The format method replaces areas marked with {} with its arguments. You can use this to this to control the details of what goes in. For example:

>>> print("Lyrics: {}".format(lyrics))
Lyrics: ['Her', 'name', 'is', 'Rio']
>>> print("First word: {}".format(lyrics[0]))
First word: Her
>>> print("First word: {!r}".format(lyrics[0]))
First word: 'Her'
>>> print("2/3 is {}".format(2.0 / 3.0))
2/3 is 0.666666666667
>>> print("2/3 is {:0.2f}".format(2.0 / 3.0))
2/3 is 0.67

You can use indices to control the order in which strings are interpolated (placed into the host string). If you leave them out, strings will be interpolated in the order given:

>>> "{} spam! {} spam!".format("Lovely", "Wonderful")
'Lovely spam! Wonderful spam!'
>>> "{1} {0}! {2} {0}!".format("spam", "Lovely", "Wonderful")
'Lovely spam! Wonderful spam!'

By default, format coaxes its arguments into the prettiest strings possible. Using {!r} calls repr on the argument, which makes the representation “machine-readable” by adding things like quotation marks around it and sometimes type information. Other format specifiers can do things like control the number of digits displayed. See the format string specification for the gory details.

Data model

As alluded to earlier, some types of data can be changed in-place while others cannot. The tuple is a type similar to a list but one that cannot be changed once it is created; it is immutable.

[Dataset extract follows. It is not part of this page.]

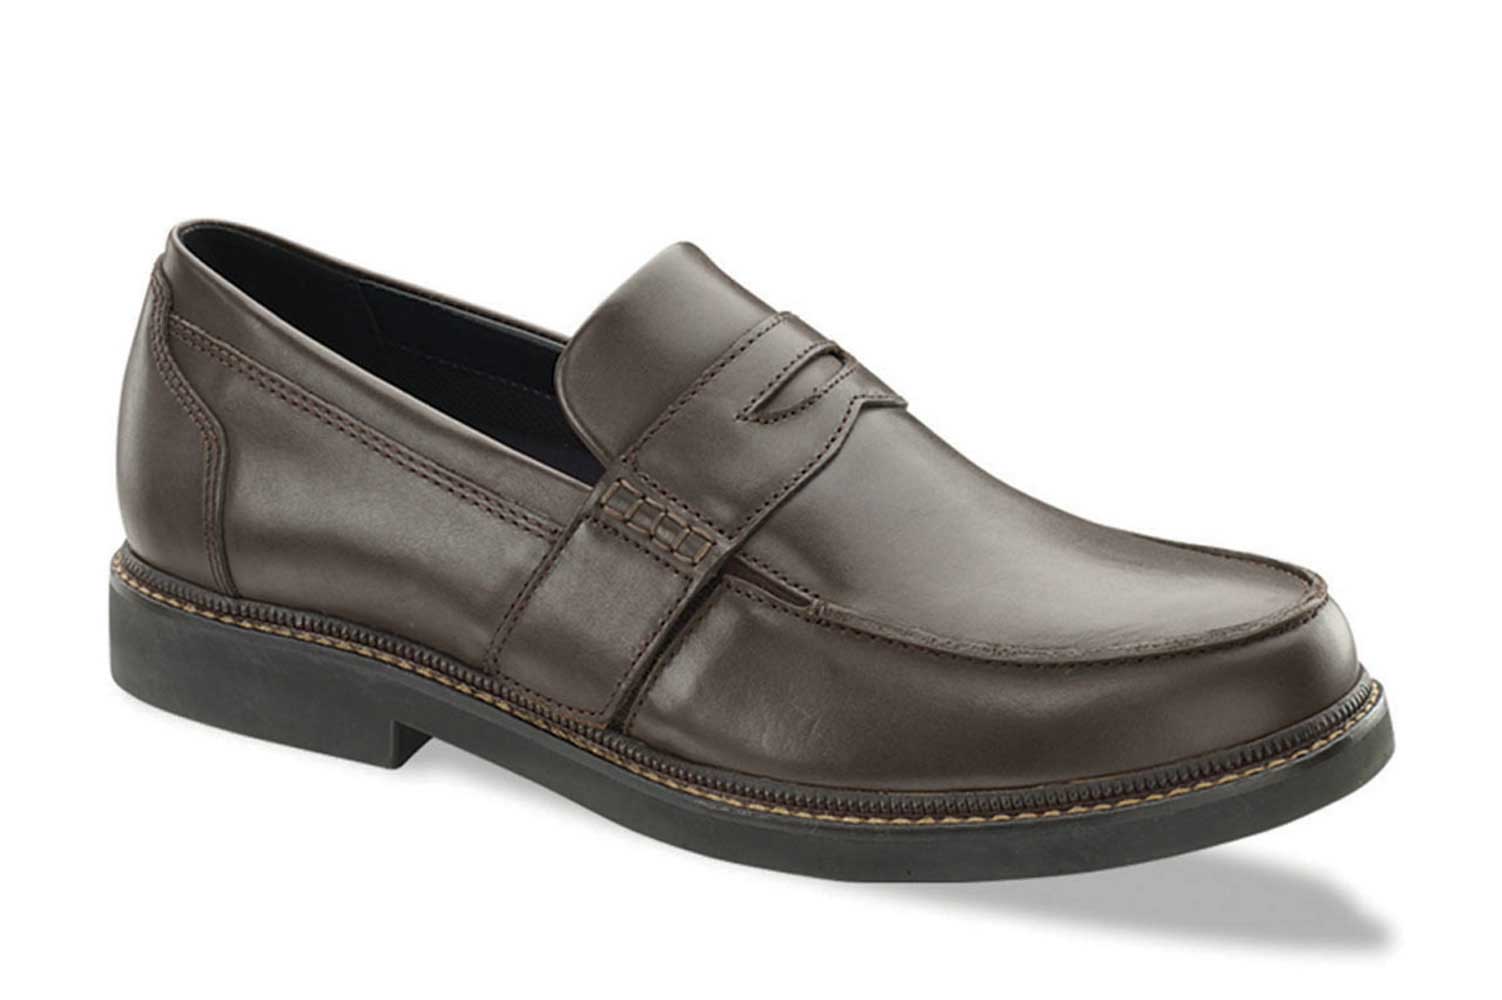 Apex Shoes LT210M Lexington Classic Oxford Dress Shoe - Men's Comfort Therapeutic Diabetic Shoe - Medium - Extra Wide - Extra Depth For Orthotics

>>> words1 = ['the', 'dog']
>>> words1[1] = 'cat'
>>> words1
['the', 'cat']
>>> words2 = ('the', 'dog')
>>> words2[1] = 'cat'
Traceback (most recent call last):
  File "<pyshell#58>", line 1, in <module>
    words2[1] = 'cat'
TypeError: 'tuple' object does not support item assignment

This manifests itself when considering the question “will changing this object affect anything else?”. For example:

>>> x = 7
>>> y = x
>>> x += 1
>>> x
8
>>> y
7

As integers are immutable, at the beginning x and y refer to the same object but when x is incremented it points to a different object instead. However, note:

>>> x = ['a']
>>> y = x
>>> x.append('b')
>>> x
['a', 'b']
>>> y
['a', 'b']

As lists are mutable, append changes the object in-place, affecting x and y.